(Stored data)
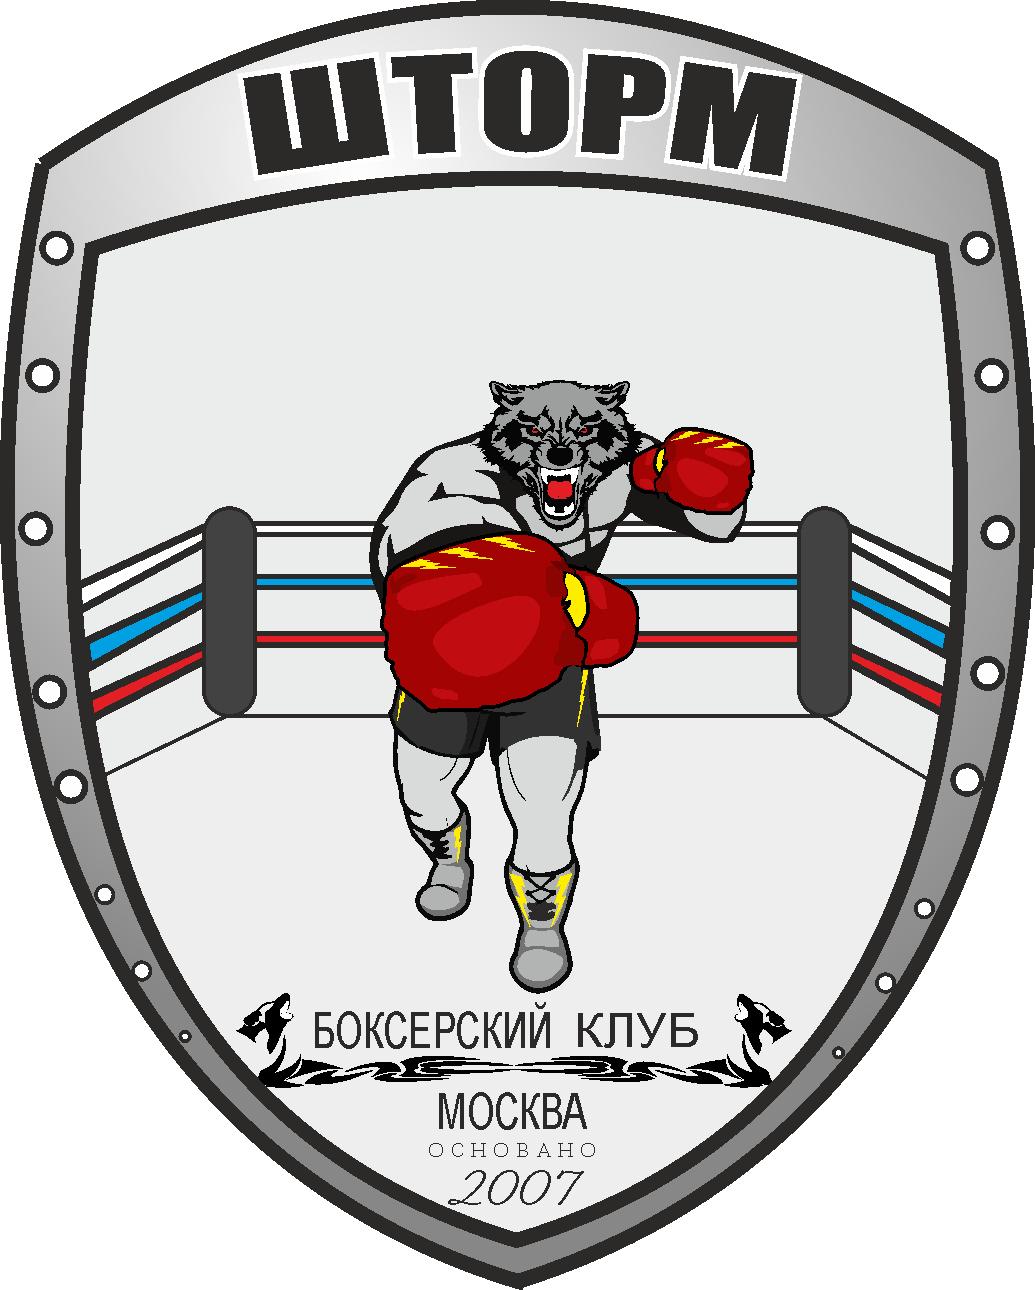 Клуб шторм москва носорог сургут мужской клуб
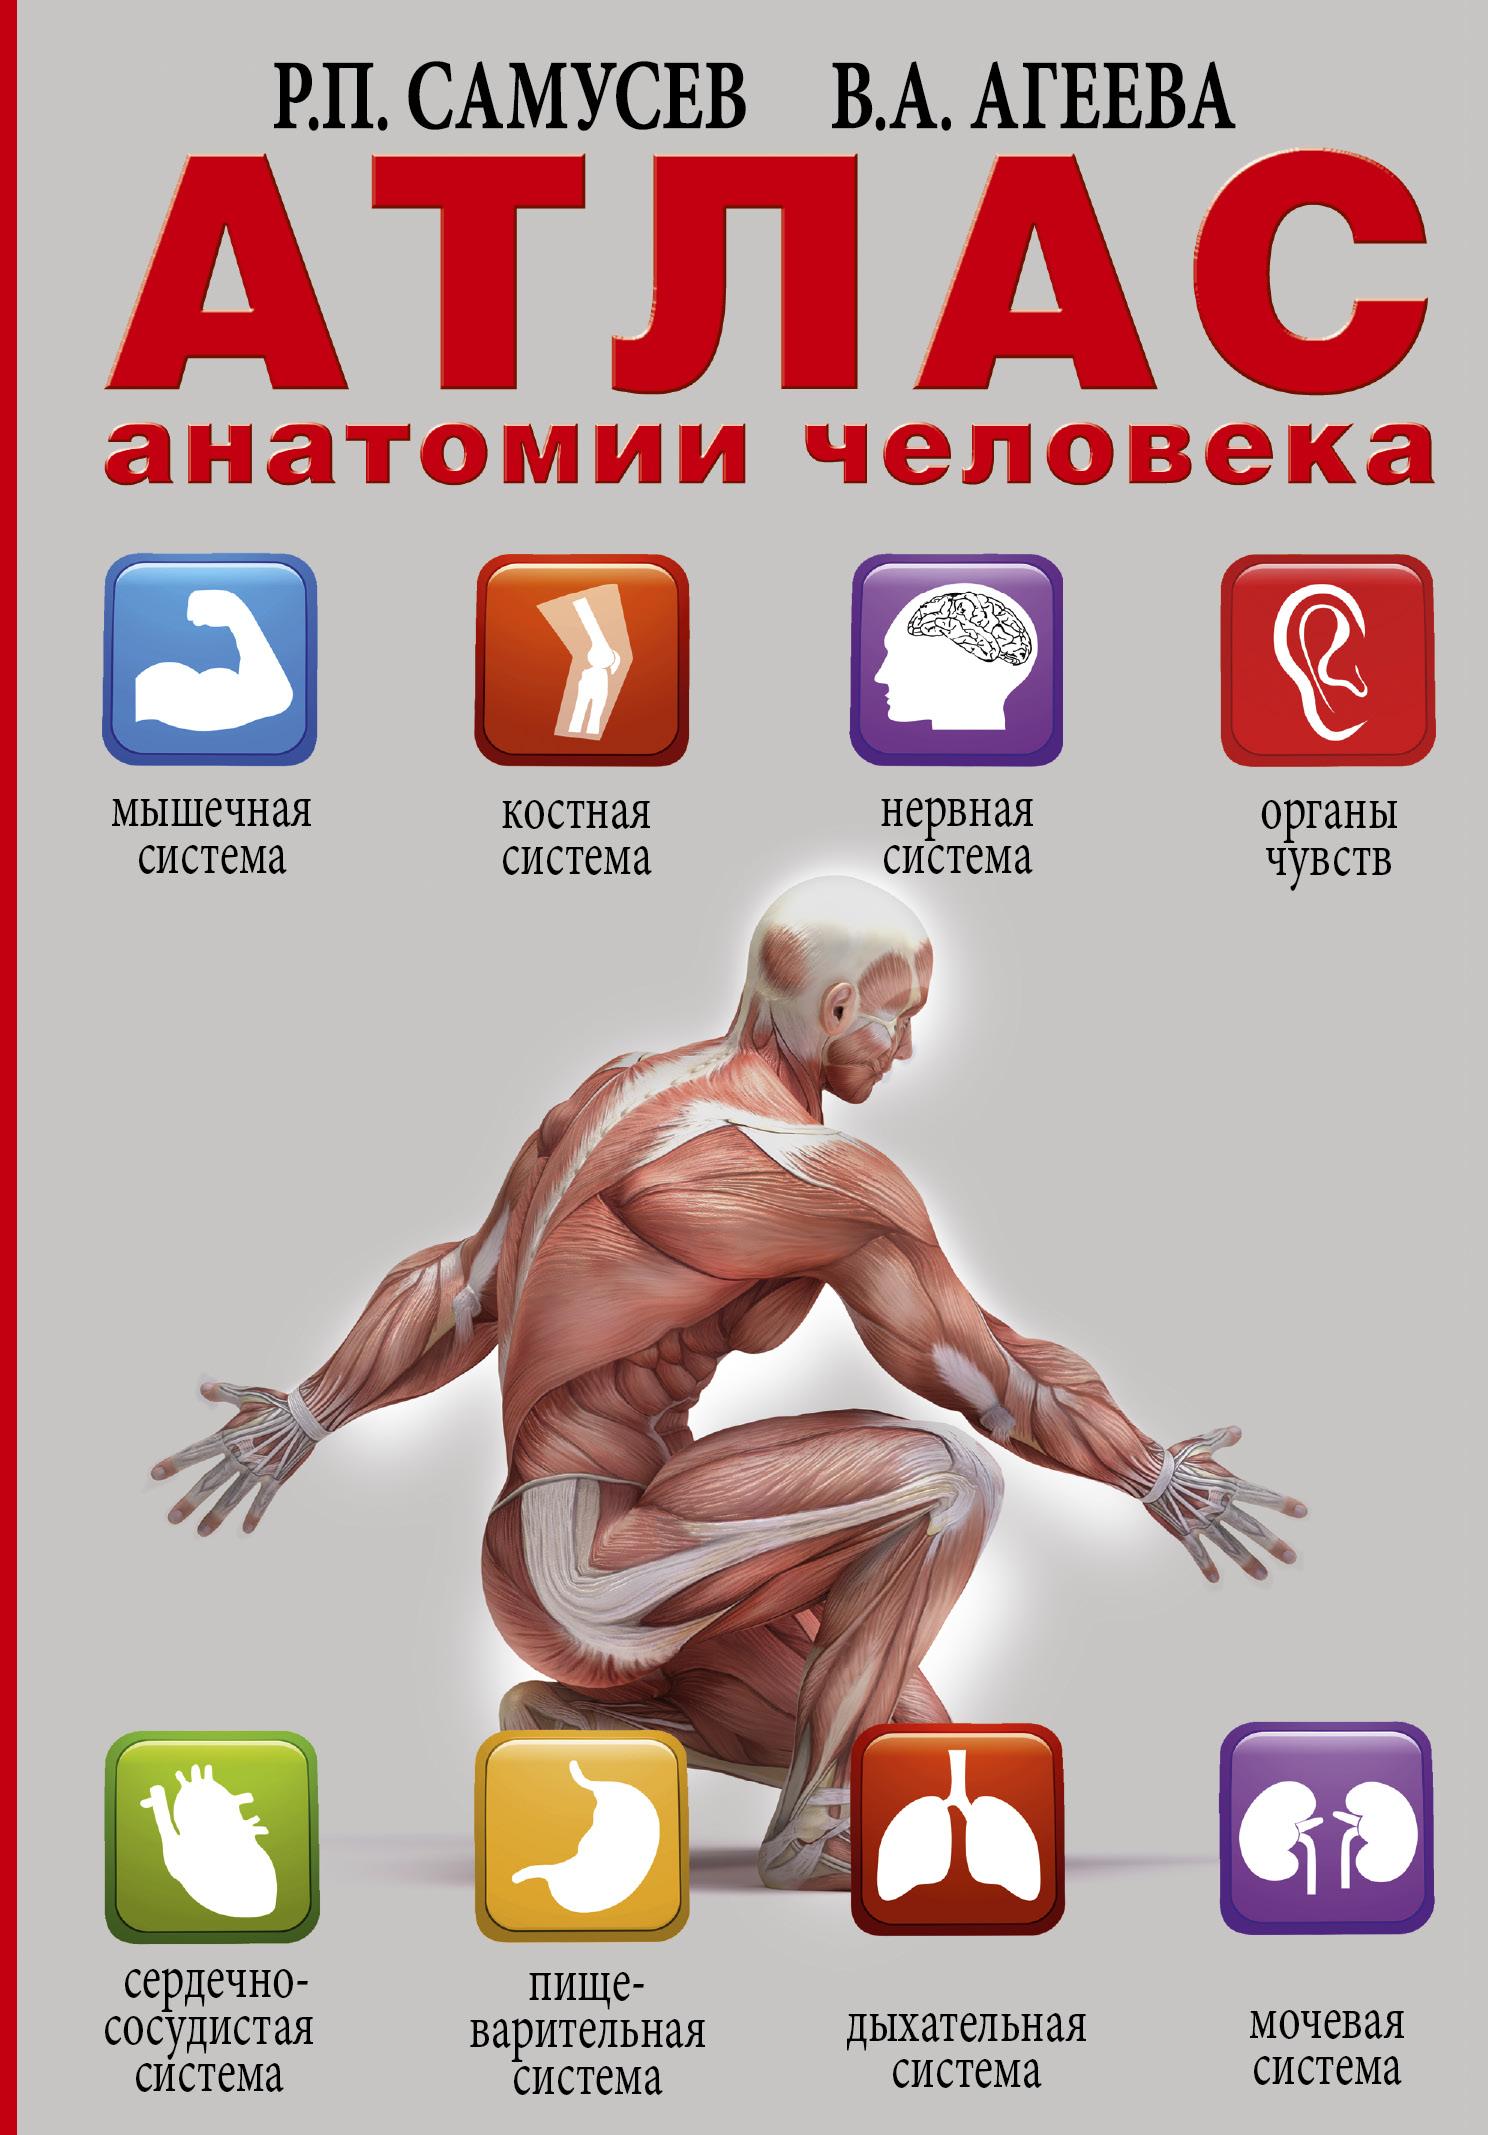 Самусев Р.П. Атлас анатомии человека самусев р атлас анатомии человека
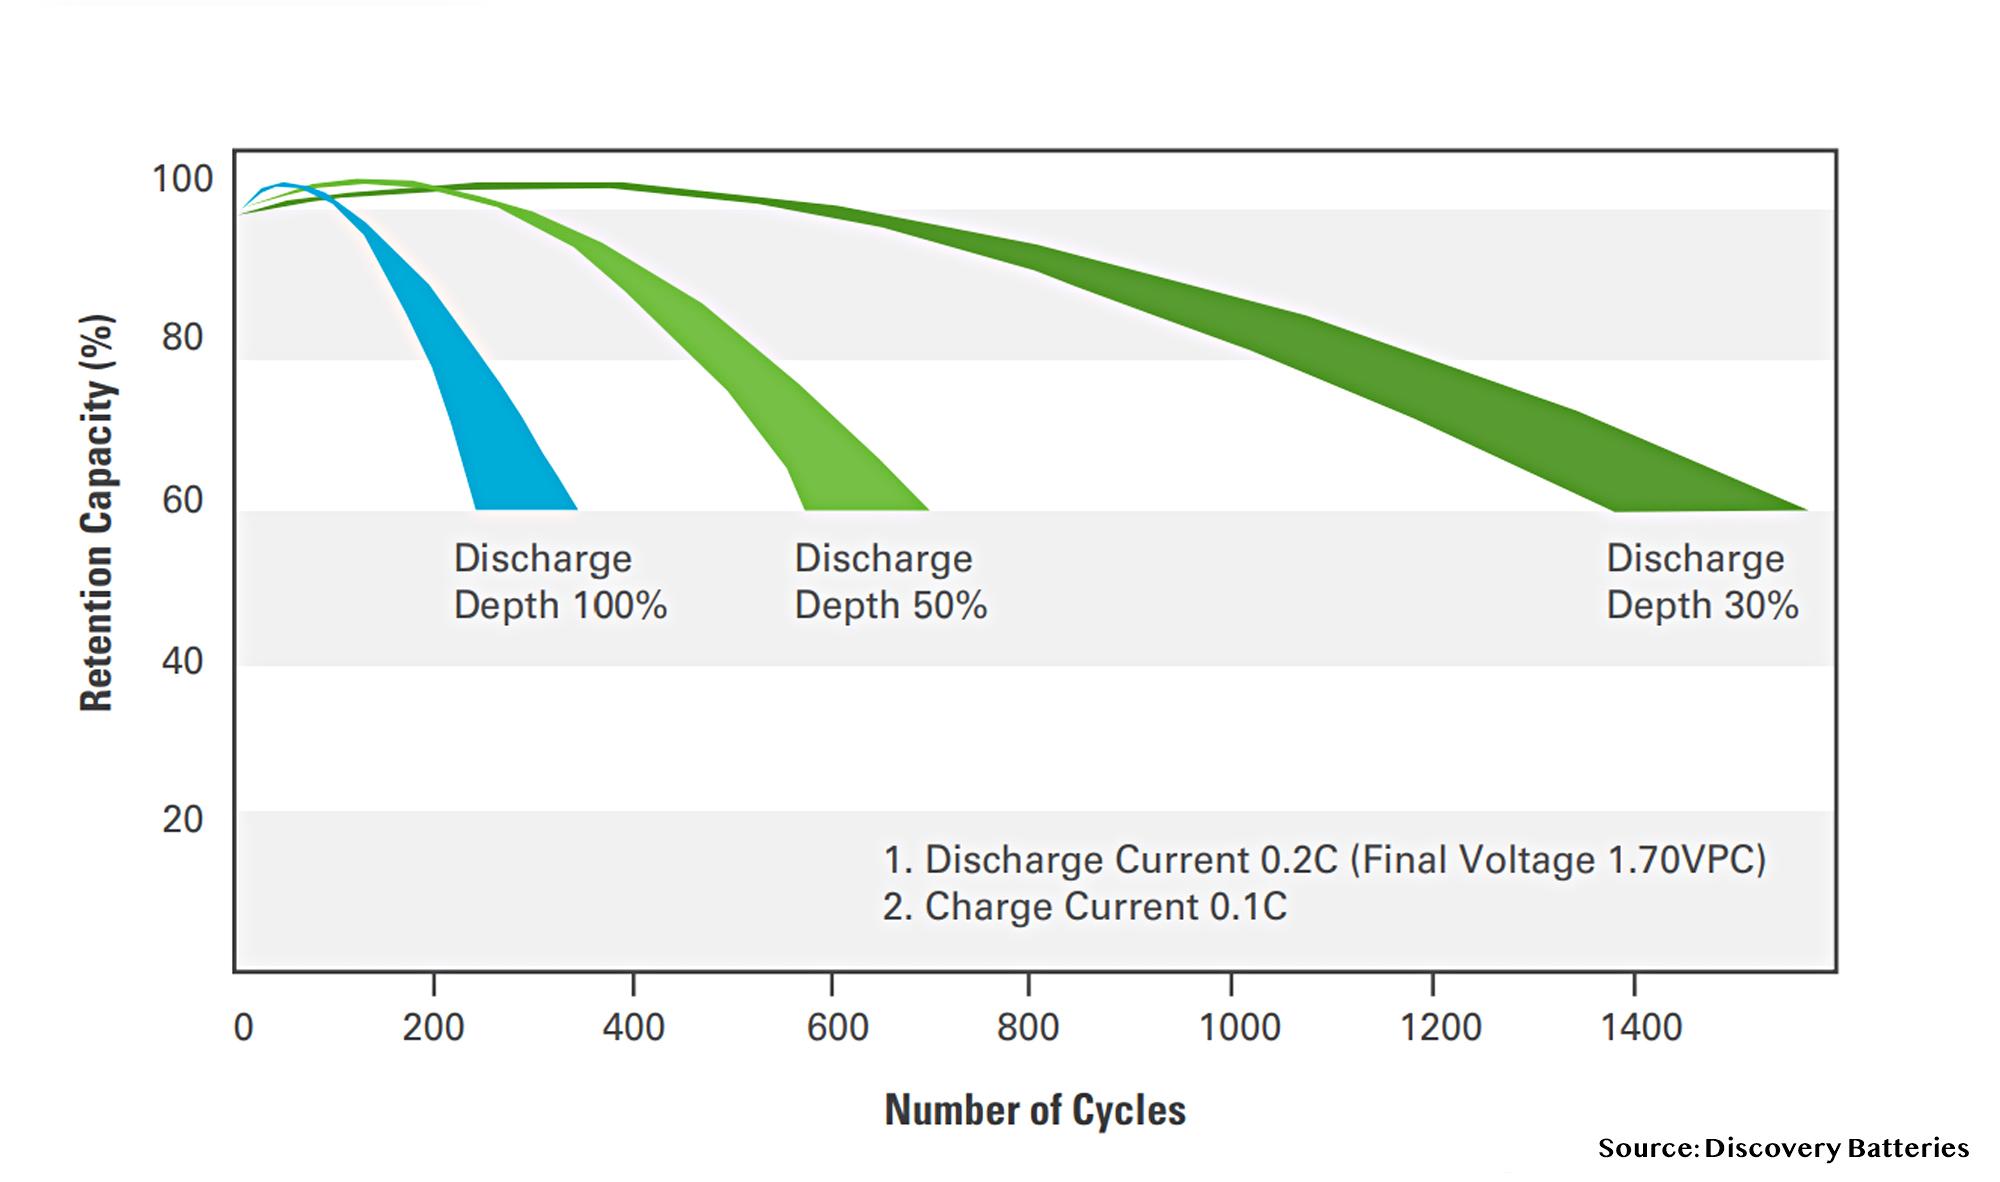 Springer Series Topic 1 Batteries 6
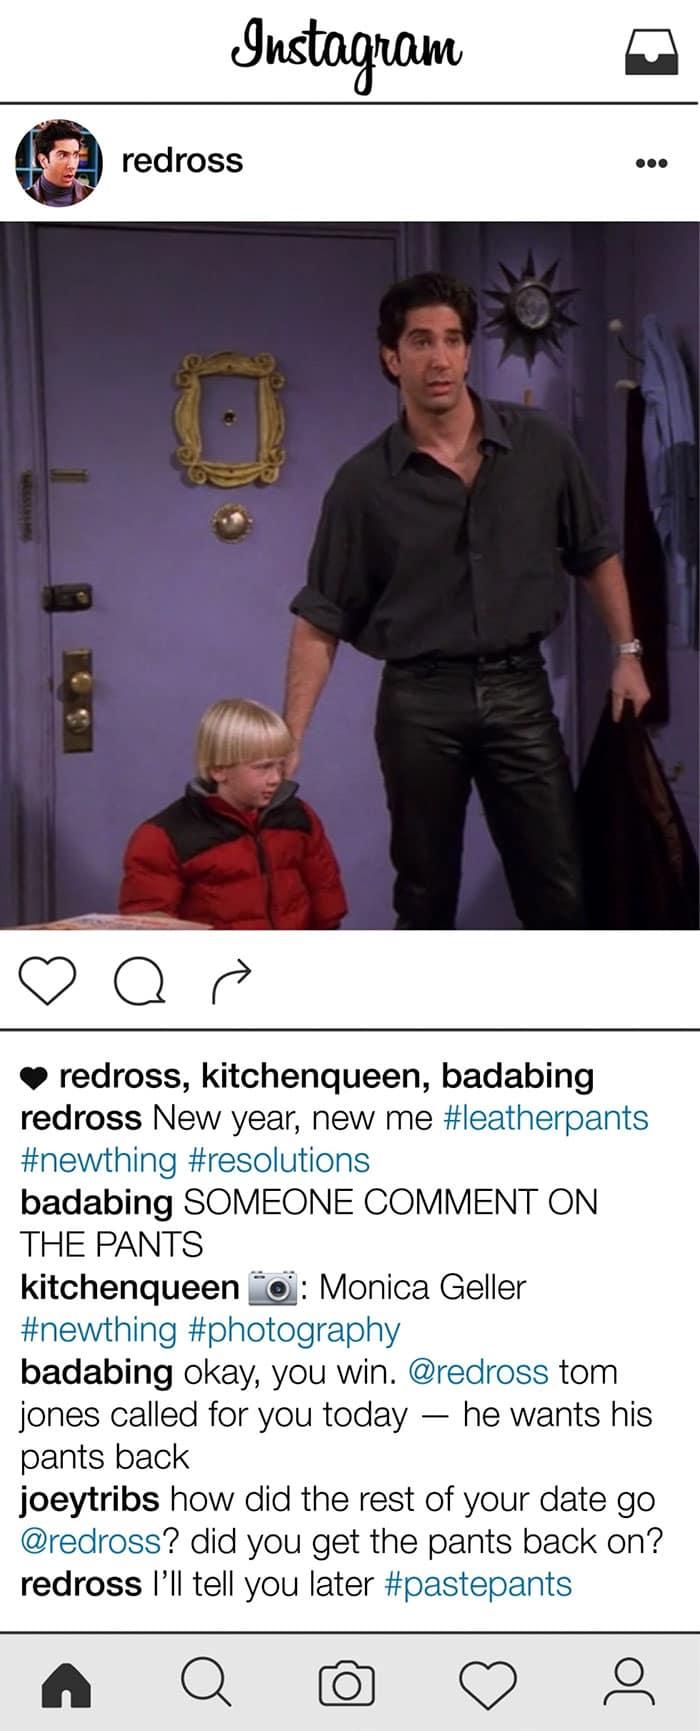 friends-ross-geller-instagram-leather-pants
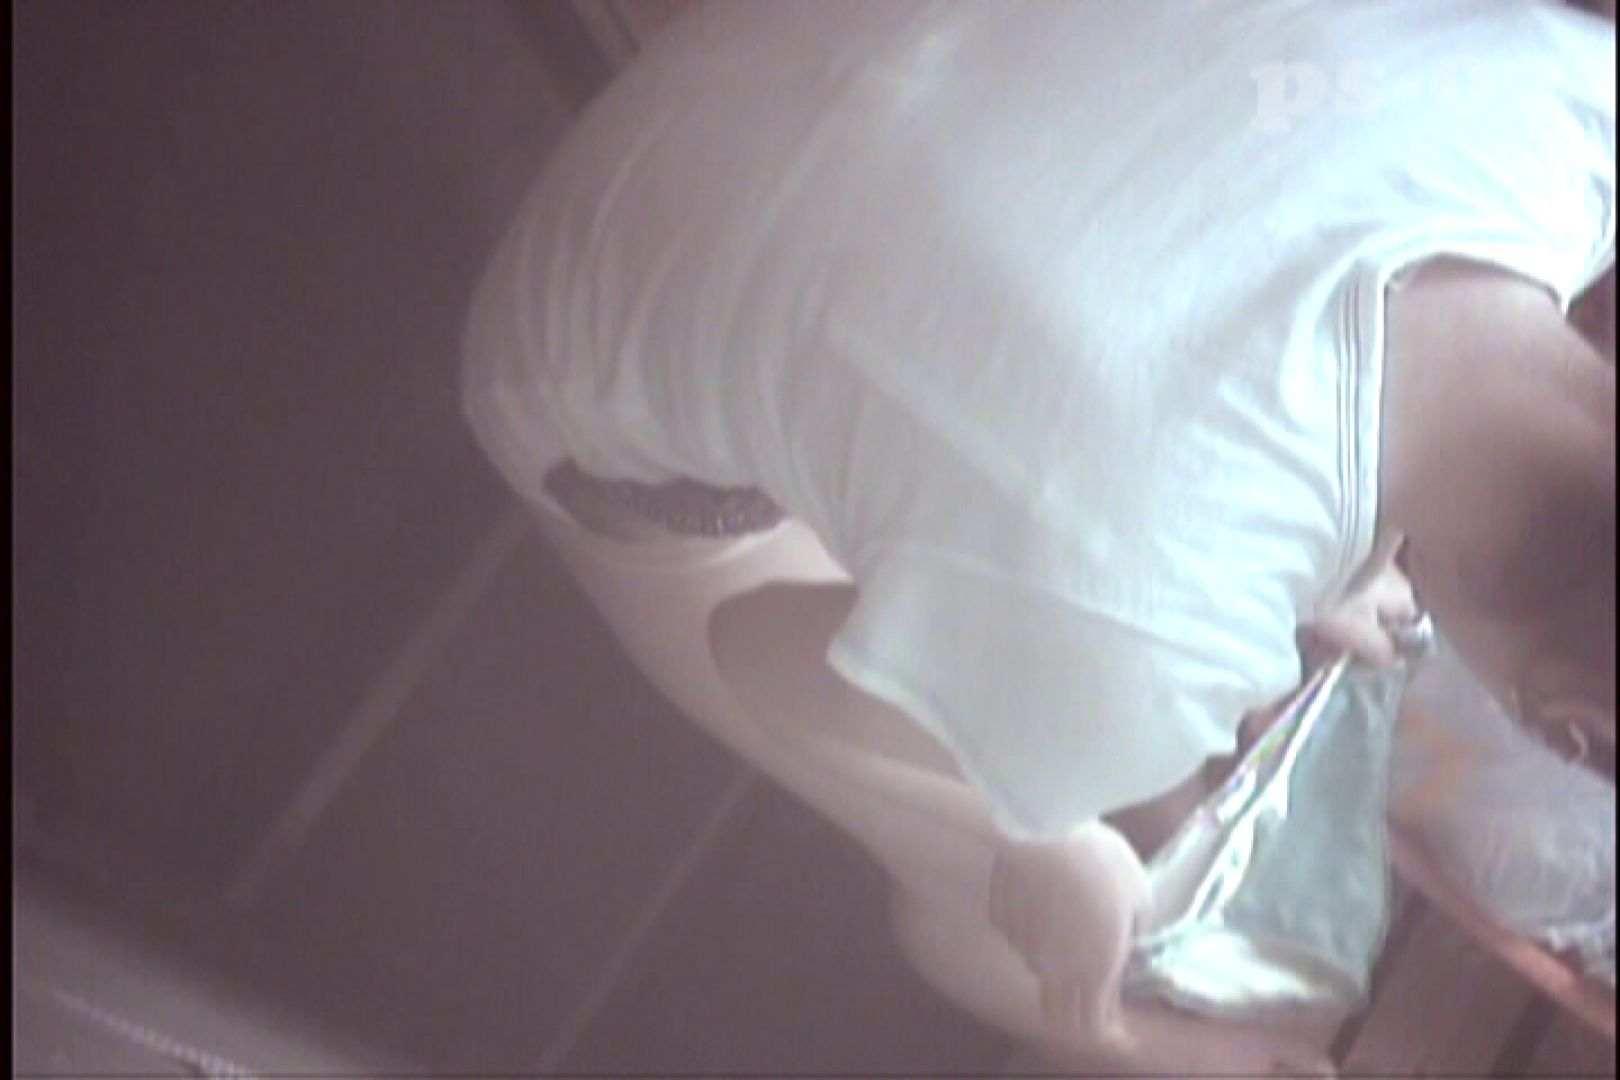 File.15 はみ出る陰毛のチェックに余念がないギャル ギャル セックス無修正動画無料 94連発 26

- **Requirement**
Every line above should be duplicated exactly; the pictures are to be left out.

- **Output for this exercise**
 Клуб шторм москва носорог сургут мужской клуб
 Самусев Р.П. Атлас анатомии человека самусев р атлас анатомии человека
 Springer Series Topic 1 Batteries 6
 friends-ross-geller-instagram-leather-pants
 File.15 はみ出る陰毛のチェックに余念がないギャル ギャル セックス無修正動画無料 94連発 26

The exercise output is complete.